Ghostface snapped a rubber band around a bundle of envelopes and lofted them into the mail cart on the far side of the room. “Three points!” he said. Then, “You want to know what burns my ass?”

“No,” Will said.

“What burns my ass is how you and me are doing the exact same job, but you’re headed straight for the top while I’m going to be stuck here licking envelopes forever. And you know why? Because you’re solid.”

“That’s just racist bullshit,” Will said. “Toussaint is never going to promote me any higher than I am now. Haints like seeing a fey truckle to the Big Guy, but they’d never accept me as one of his advisors. You know that as well as I do.”

“Yeah, but you’re not going to be here forever, are you? In a couple of years, you’ll be holding down an office in the Mayoralty. Wouldn’t surprise me one bit if you made it all the way to the Palace of Leaves.”

“Either you’re just busting my chops, or else you’re a fool. Because if you meant it, you’d be a fool to be ragging on me about it. If Toussaint were in your position, he’d make sure I was his friend, and wherever I wound up he’d have an ally. You could learn from his example.”
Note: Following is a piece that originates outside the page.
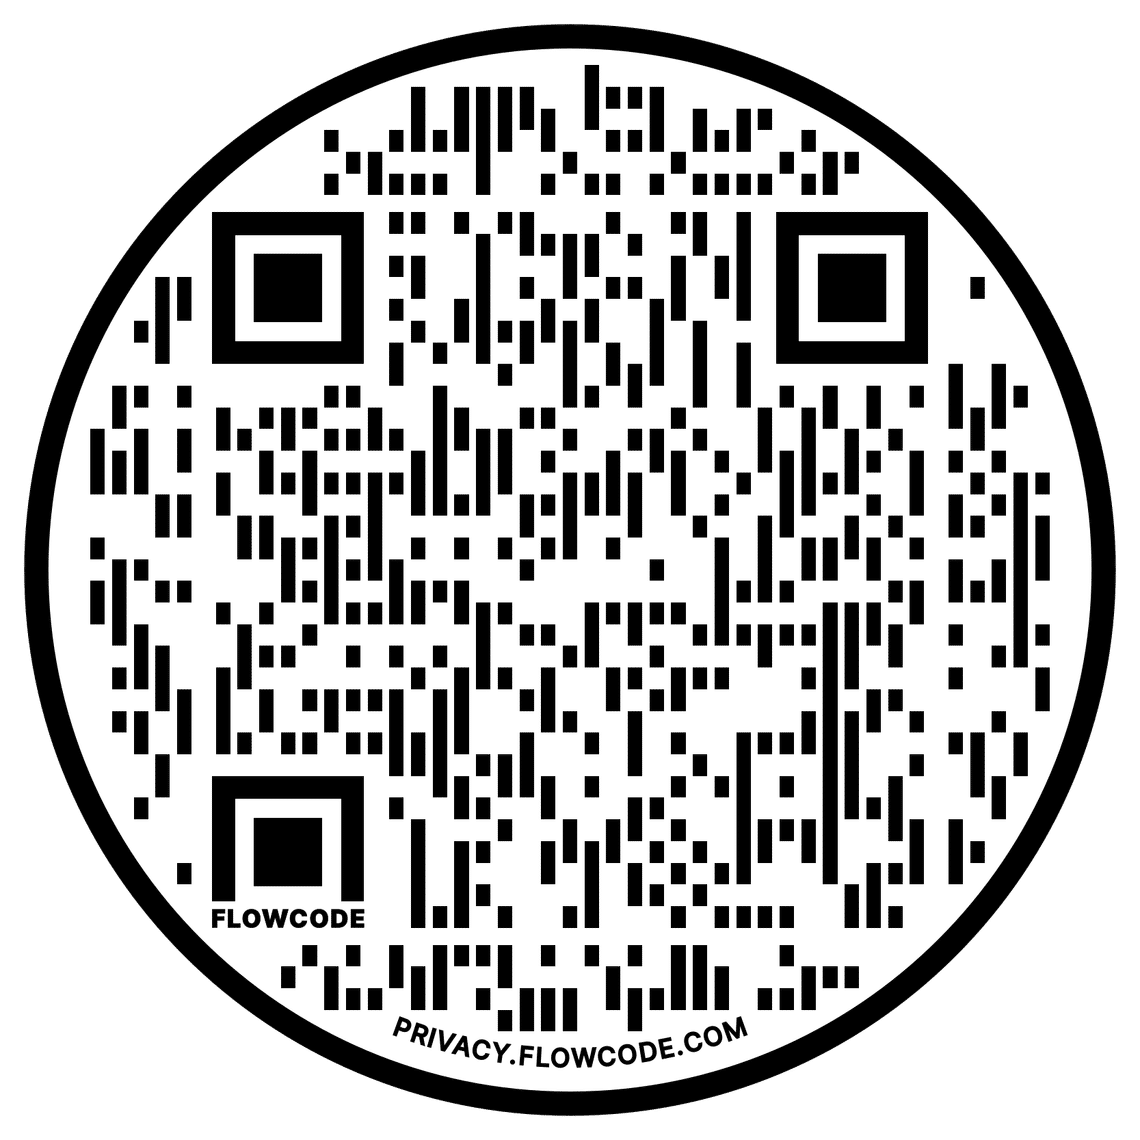 QR code to download Michelin AgroPressure app for Apple or Android
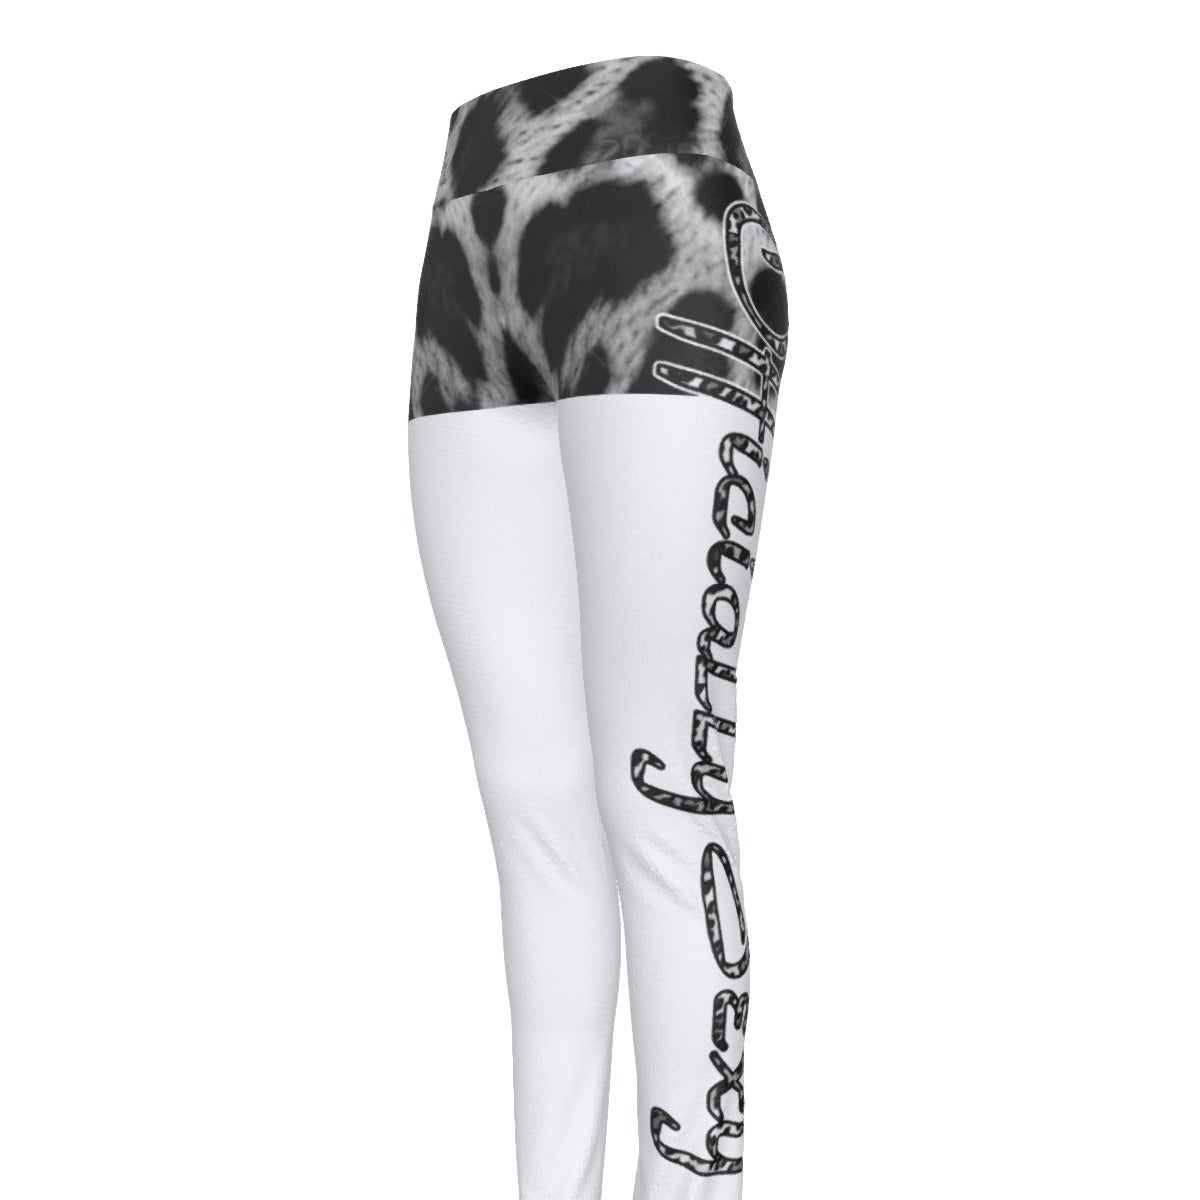  Officially Sexy Snow Leopard Print Collection Women's White AOP High Waist Booty Popper Leggings #2 (English) 4

Ghostface lowered his voice to a near-whisper. “Toussaint is old school. I’ve got nothing to learn from a glad-handing, pompous, shucking-and-jiving —”

The office door slammed open. They both looked up.

Salem Toussaint stood in the doorway, eyes rolled up in his head so far that only the whites showed. He held up a hand and in a hollow voice said, “One of my constituents is in trouble.”